Try it: Look below for the line containing "Blødersykdom med leddaffeksjon"; from there through the line containing "У Хмільницькому районі", both lines included, please set down each line exactly and nothing else.

-------- Records provided --------

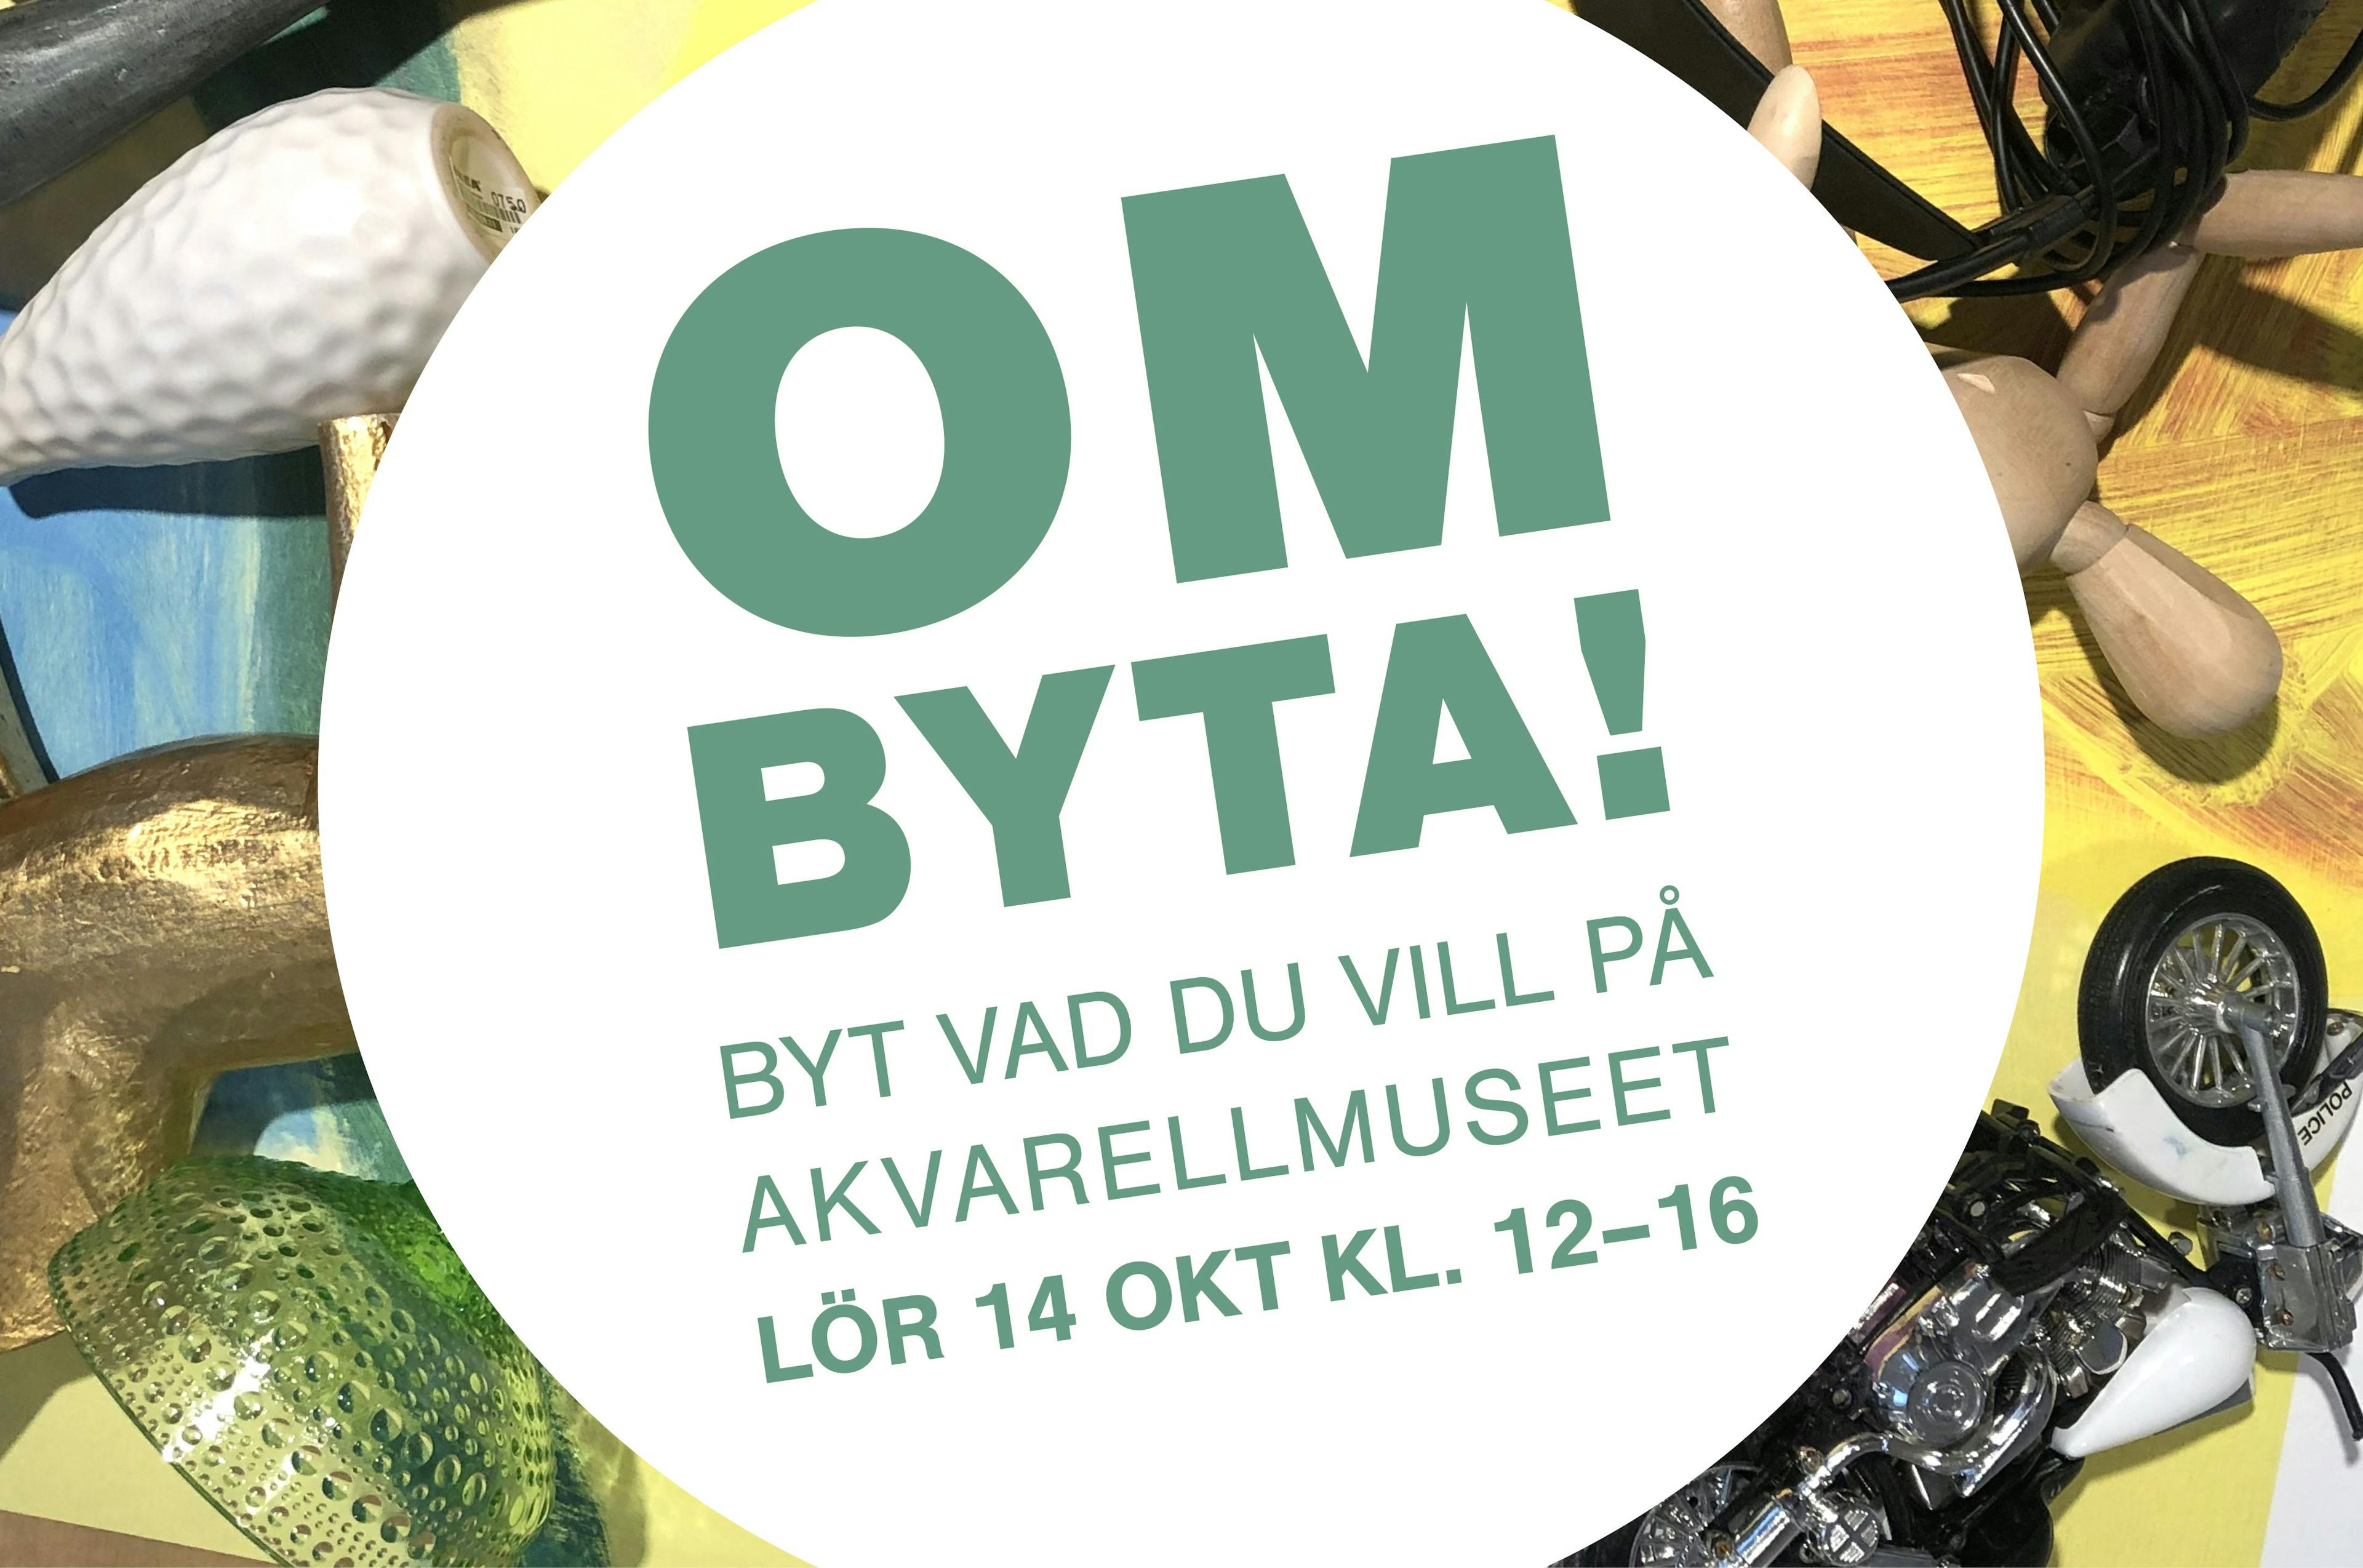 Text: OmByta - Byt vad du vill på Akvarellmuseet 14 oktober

--------
-------- Records provided --------

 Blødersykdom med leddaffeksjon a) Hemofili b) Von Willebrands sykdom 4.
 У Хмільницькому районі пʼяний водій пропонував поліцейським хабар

--------
-------- Records provided --------

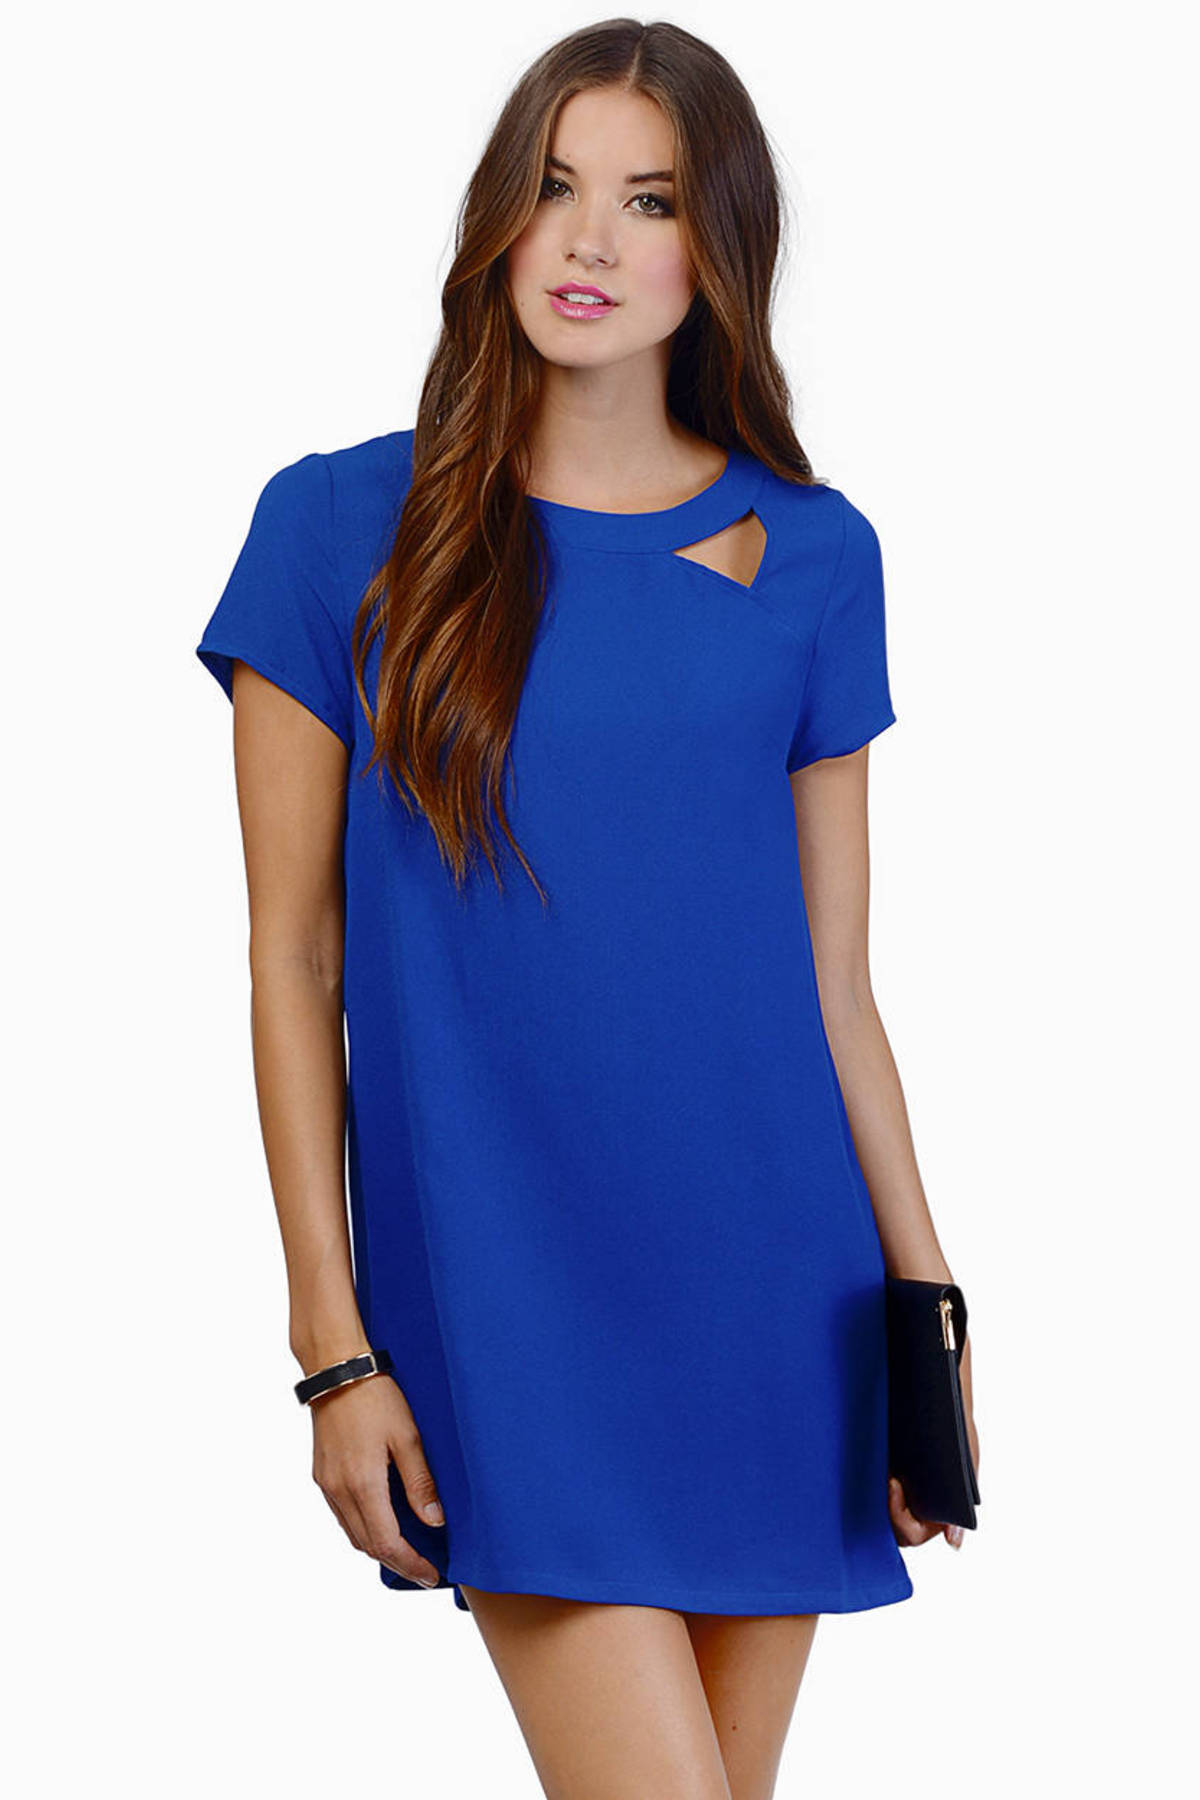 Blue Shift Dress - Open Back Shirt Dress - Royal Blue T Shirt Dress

--------

Answer box:
 Blødersykdom med leddaffeksjon a) Hemofili b) Von Willebrands sykdom 4.
 У Хмільницькому районі пʼяний водій пропонував поліцейським хабар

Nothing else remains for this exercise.